2. Materials and Methods

2.1. Study Design, Research Questions, and Hypotheses

This study follows a simulation-based predictive modeling design. CFD scenarios are used to generate paired data consisting of sparse sensor histories and future tunnel-wide hazard fields, and the proposed model is evaluated on held-out scenarios that are not used for training. The unit of analysis is a time-indexed forecasting sample constructed from one scenario, a past observation window, and a future prediction target. The study does not seek to estimate a causal effect; instead, it tests whether a learned surrogate model can reproduce CFD-derived field evolution with sufficient structural fidelity to support tunnel-scale hazard assessment.

The study is organized around the following research questions:

• RQ1. Can sparse sensor measurements be used to reconstruct future tunnel-wide temperature, soot, and CO fields with high structural agreement to CFD reference fields?
• RQ2. Does the learned mapping remain effective on both the vertical center plane and the horizontal breathing plane, which represent two different safety-relevant views of the tunnel environment?
• RQ3. Are some physical quantities systematically more difficult to predict than others under the same modeling and data conditions?

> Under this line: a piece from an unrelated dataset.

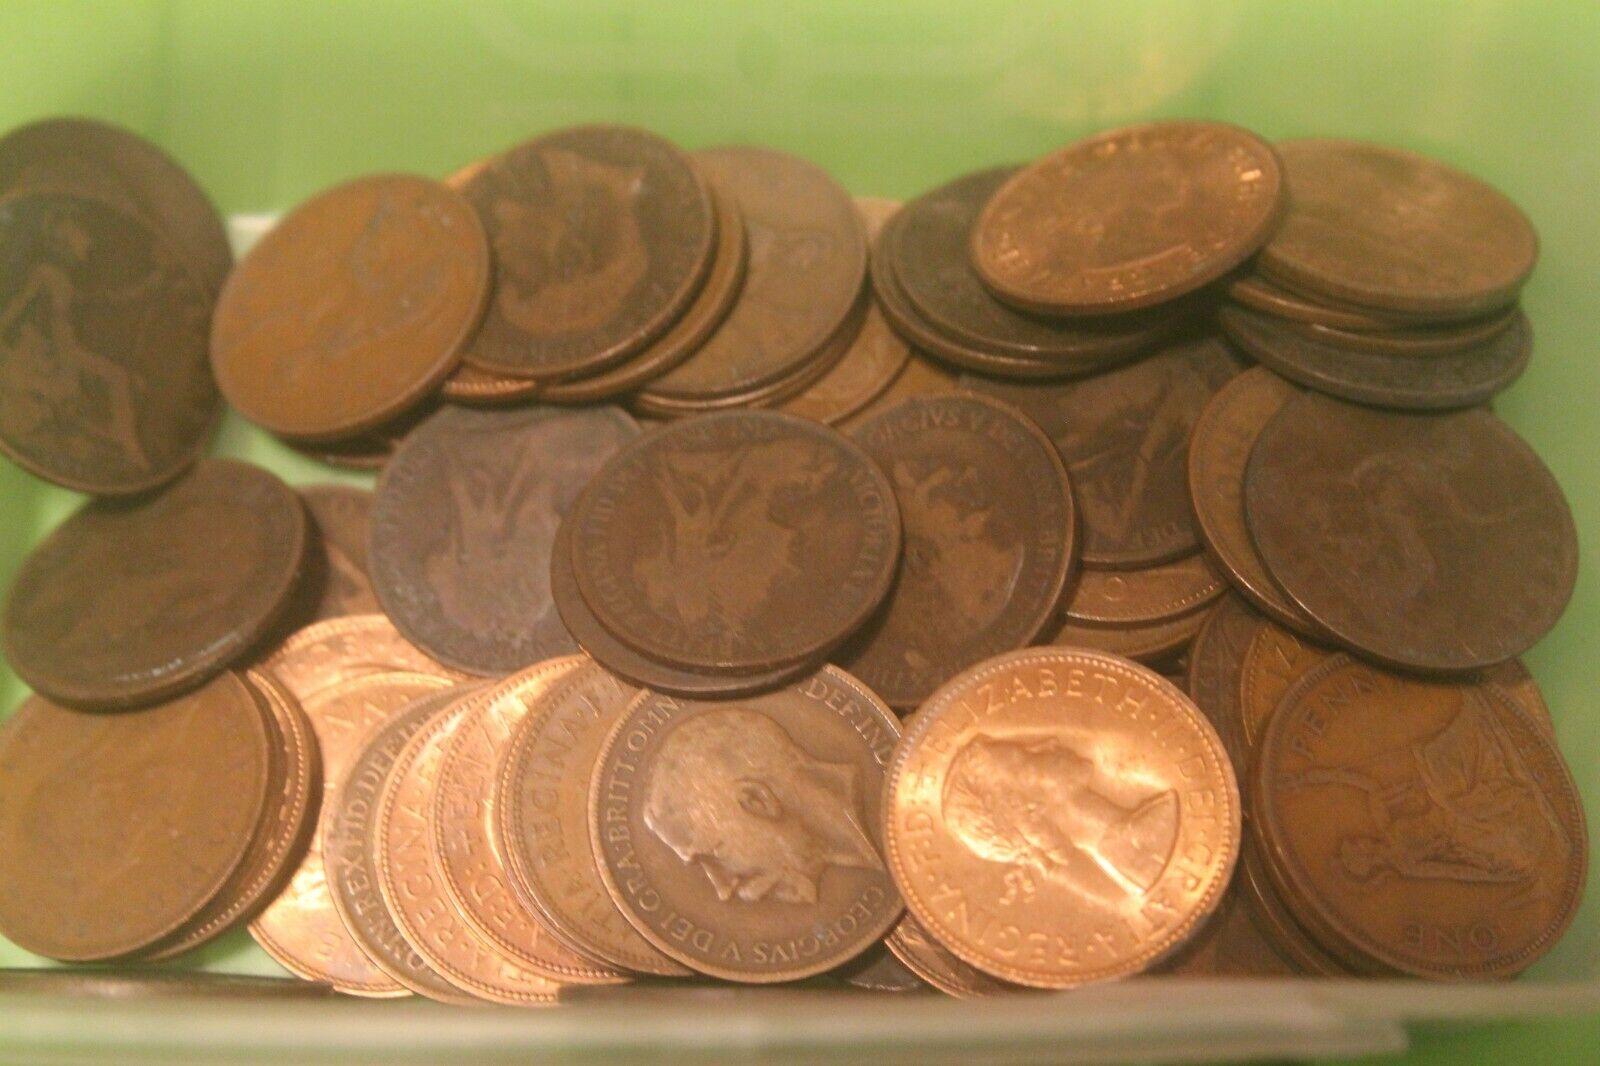 50 x 1d old penny allwin arcade / fruit machine coins
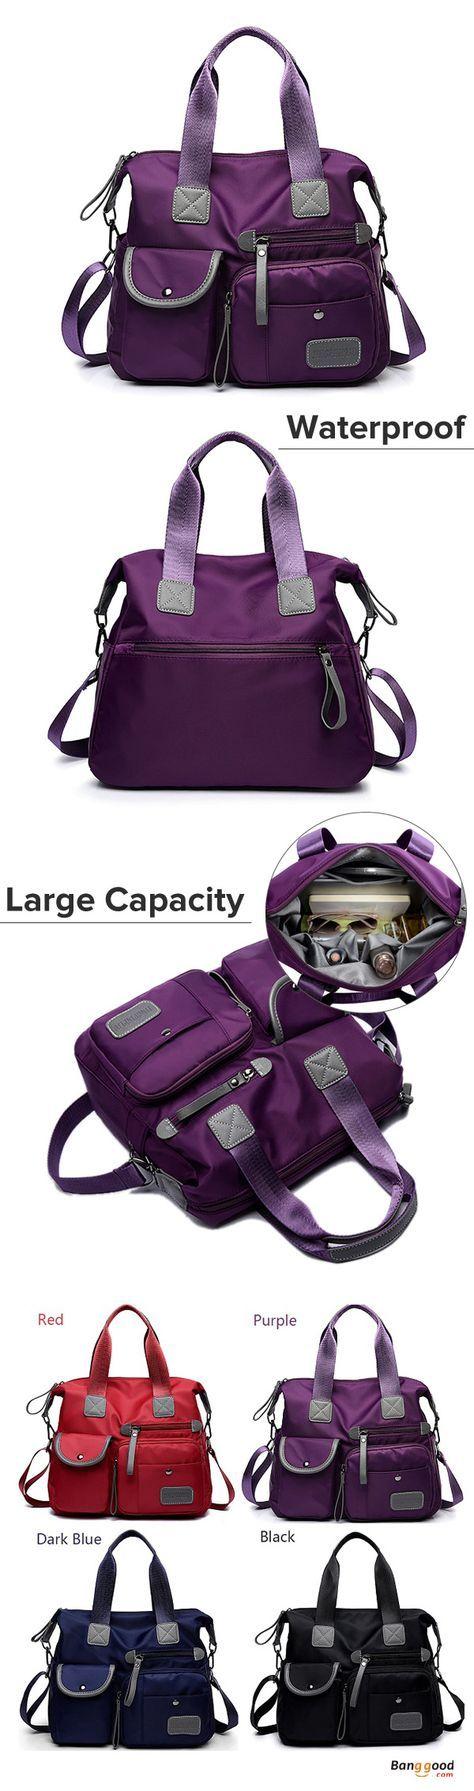 US$31.91+Free shipping. Women Bags, Waterproof Crossbody Bags, Casual Bags, Chest Bags, Multifunction Handbag, Backpack, Shoulder Bags. Waterproof, Large Capacity. Color: Black, Purple, Dark Blue, Red. Shop now~

To guide the empirical analysis, we evaluate the following study hypotheses:

H1. 

A recurrent encoder–decoder model trained on CFD-derived supervision can recover the large-scale spatio-temporal structure of future tunnel fire fields from sparse sensor histories.

H2. 

The forecasting framework remains effective on both the center plane and the breathing plane, despite the different physical interpretations of these two target sections.

H3. 

Soot fields are more difficult to reconstruct than temperature and CO fields because their spatial patterns are sharper and more sensitive to localized flow structures.

2.2. CFD Simulation Setup

This study aims to predict fire spread inside a tunnel. CFD simulations are conducted in a tunnel with a length of 1500 m and a height of 7.5 m (Figure 1). A total of 75 sensors is placed at a height of 7 m along the tunnel at 20 m intervals, and each sensor records temperature, soot concentration, and CO concentration over time. The simulations cover various fire sources, fire locations, and fire cases. The fire cases are defined by all combinations of three heat release rates and three growth rates, resulting in nine scenarios in total. The heat release rates are 5, 10, and 20 MW (Megawatt), and the growth rates are standard, medium, and fast. For example, one case corresponds to a fire with a heat release rate of 5 MW and a medium growth rate. A summary of all fire cases is provided in Table 1.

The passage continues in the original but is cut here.